The interferon-stimulated gene RIPK1 regulates cancer cell intrinsic and extrinsic resistance to immune checkpoint blockade

Interferon-gamma (IFN-gamma) has pleiotropic effects on cancer immune checkpoint blockade (ICB), including roles in ICB resistance. We analyzed gene expression in ICB-sensitive versus ICB-resistant tumor cells and identified a strong association between interferon-mediated resistance and expression of Ripk1, a regulator of tumor necrosis factor (TNF) superfamily receptors. Genetic interaction screening revealed that in cancer cells, RIPK1 diverted TNF signaling through NF-kappa B and away from its role in cell death. This promoted an immunosuppressive chemokine program by cancer cells, enhanced cancer cell survival, and decreased infiltration of T and NK cells expressing TNF superfamily ligands. Deletion of RIPK1 in cancer cells compromised chemokine secretion, decreased ARG1(+) suppressive myeloid cells linked to ICB failure in mice and humans, and improved ICB response driven by CASP8-killing and dependent on T and NK cells. RIPK1-mediated resistance required its ubiquitin scaffolding but not kinase function.

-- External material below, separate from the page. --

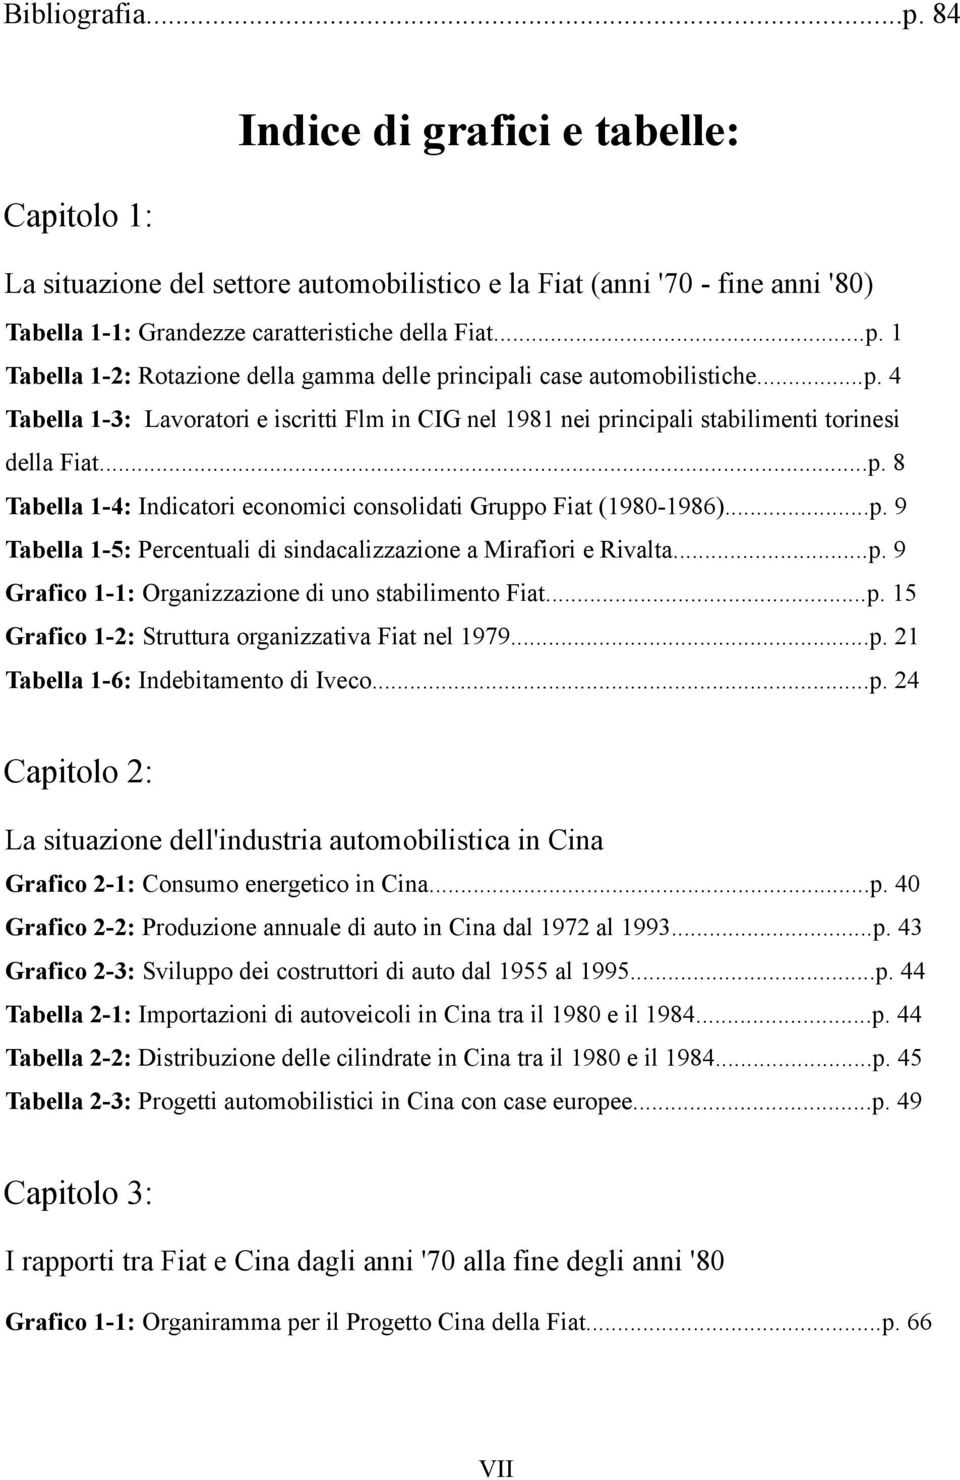 ..p. 9 Grafico 1-1: Organizzazione di uno stabilimento Fiat...p. 15 Grafico 1-2: Struttura organizzativa Fiat nel 1979...p. 21 Tabella 1-6: Indebitamento di Iveco...p. 24 Capitolo 2: La situazione dell'industria automobilistica in Cina Grafico 2-1: Consumo energetico in Cina.

Thus, cancer cells co-opt RIPK1 to promote cell-intrinsic and cell-extrinsic resistance to immunotherapy.

Automated summary

Interferon-gamma has various effects on cancer immune checkpoint blockade, including its role in resistance. The study found that the expression of Ripk1 gene is strongly associated with interferon-mediated resistance. RIPK1 diverts TNF signaling in cancer cells, leading to the production of immunosuppressive chemokines and decreased expression of TNF superfamily ligands in T and NK cells.